→ TASK DESCRIPTION:
Under this line sits a listing. Repeat exactly and only its lines from the one holding "Moscou — Construction" through the one holding "NEW Target Bullseye"; skip pictures.

→ DATA EXTRACTS:

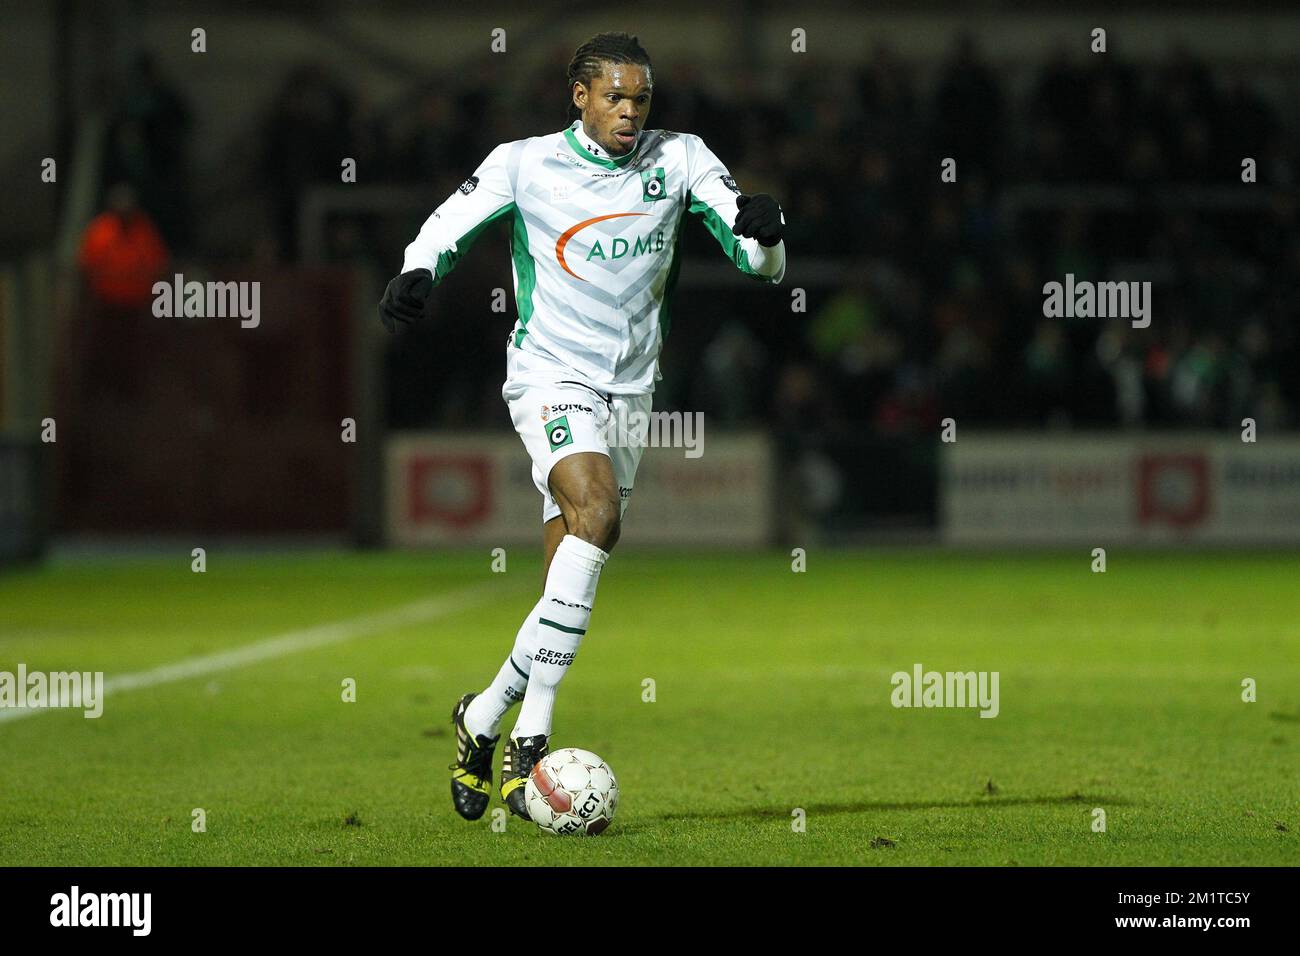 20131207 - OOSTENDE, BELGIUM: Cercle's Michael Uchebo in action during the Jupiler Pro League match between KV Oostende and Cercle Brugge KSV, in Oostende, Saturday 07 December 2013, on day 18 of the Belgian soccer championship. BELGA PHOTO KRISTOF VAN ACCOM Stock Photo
* * *
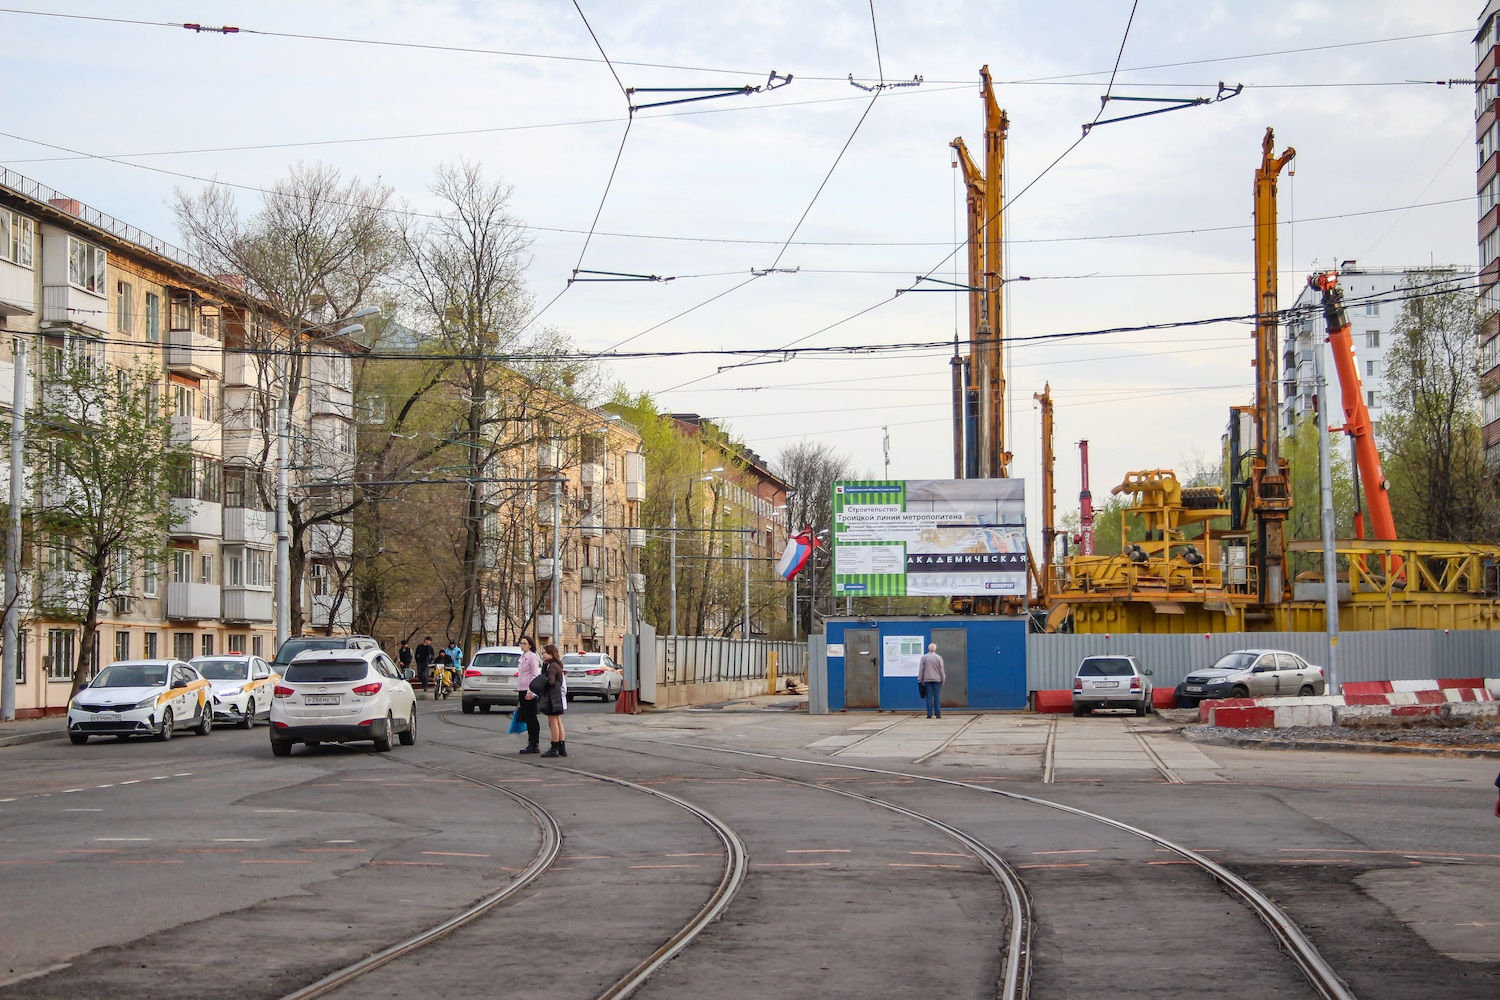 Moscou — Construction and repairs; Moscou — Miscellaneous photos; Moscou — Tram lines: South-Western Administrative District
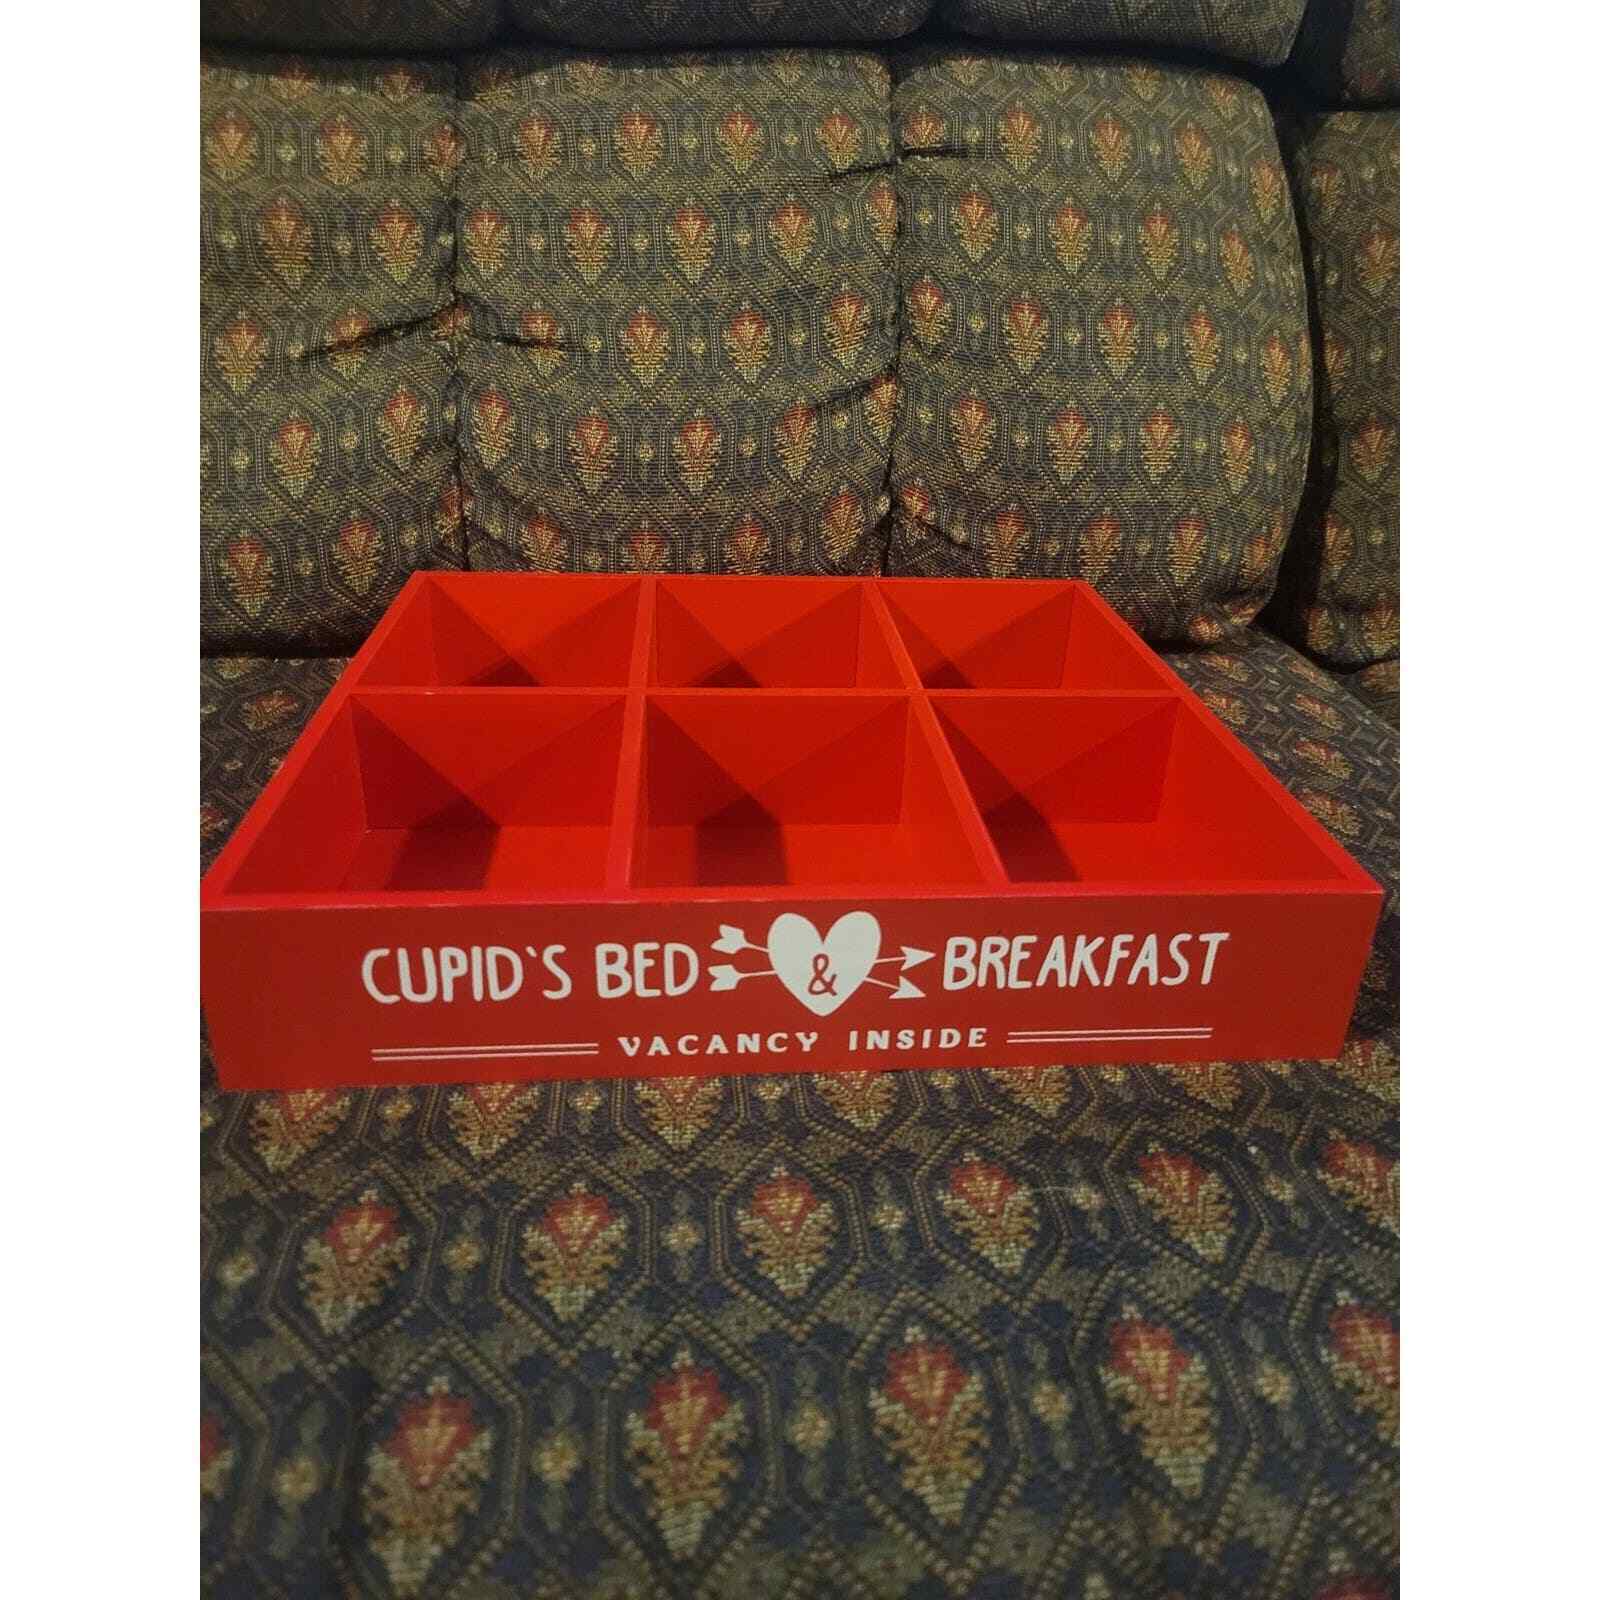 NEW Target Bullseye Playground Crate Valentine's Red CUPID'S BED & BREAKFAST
...
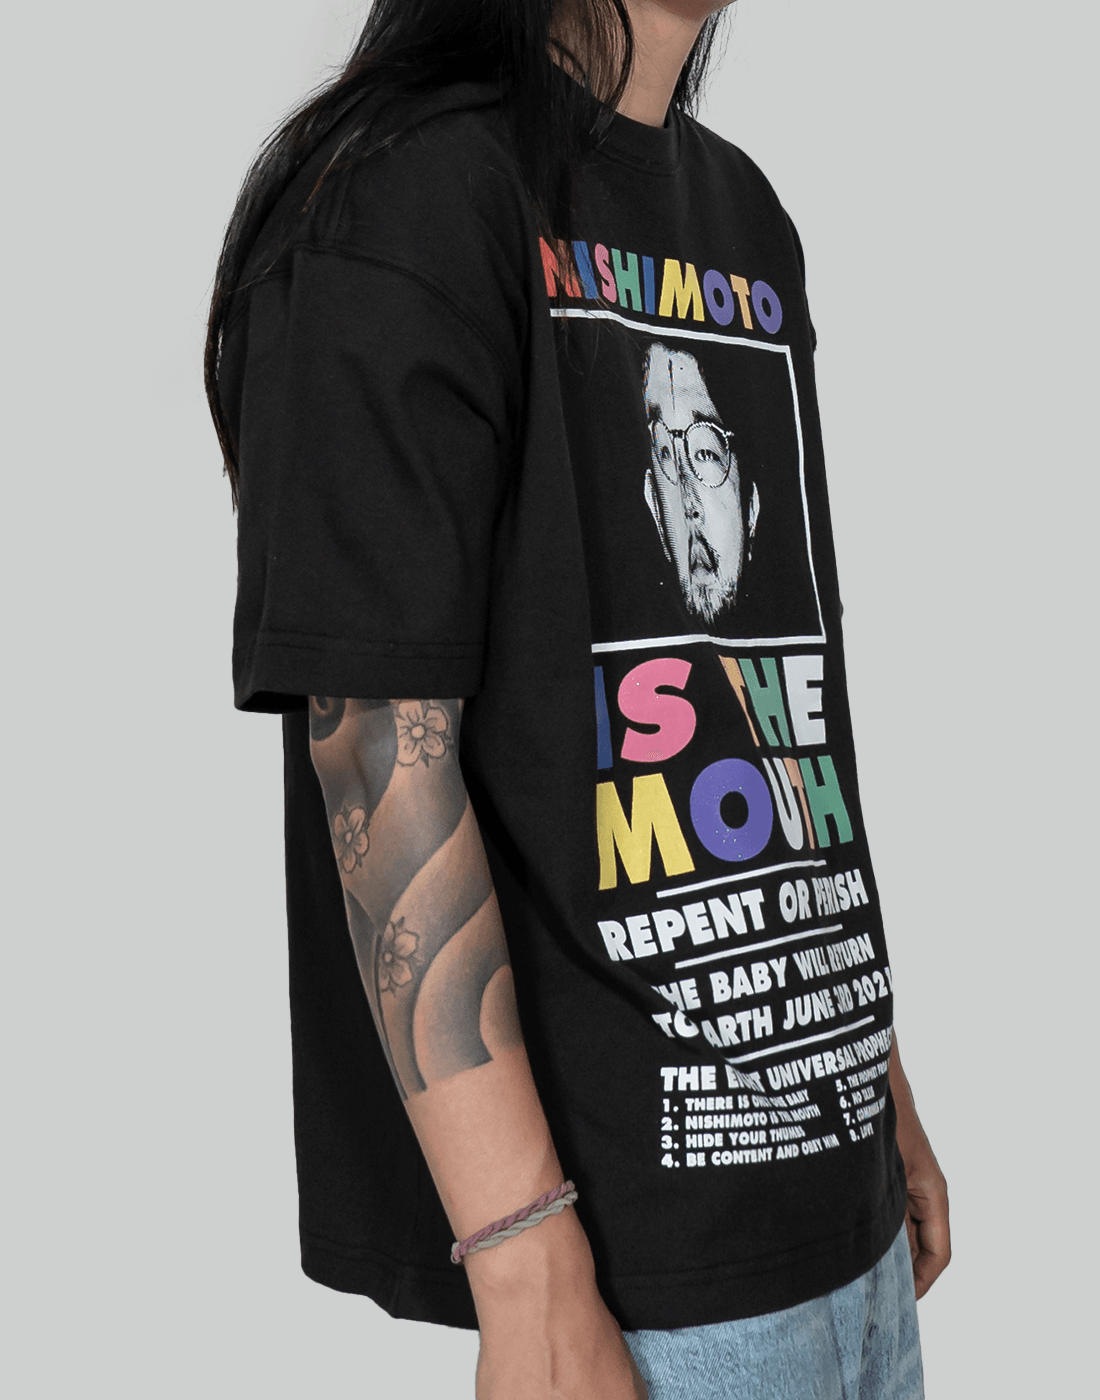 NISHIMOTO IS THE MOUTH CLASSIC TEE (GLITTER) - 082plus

→ RESULT:
 Moscou — Construction and repairs; Moscou — Miscellaneous photos; Moscou — Tram lines: South-Western Administrative District
 NEW Target Bullseye Playground Crate Valentine's Red CUPID'S BED & BREAKFAST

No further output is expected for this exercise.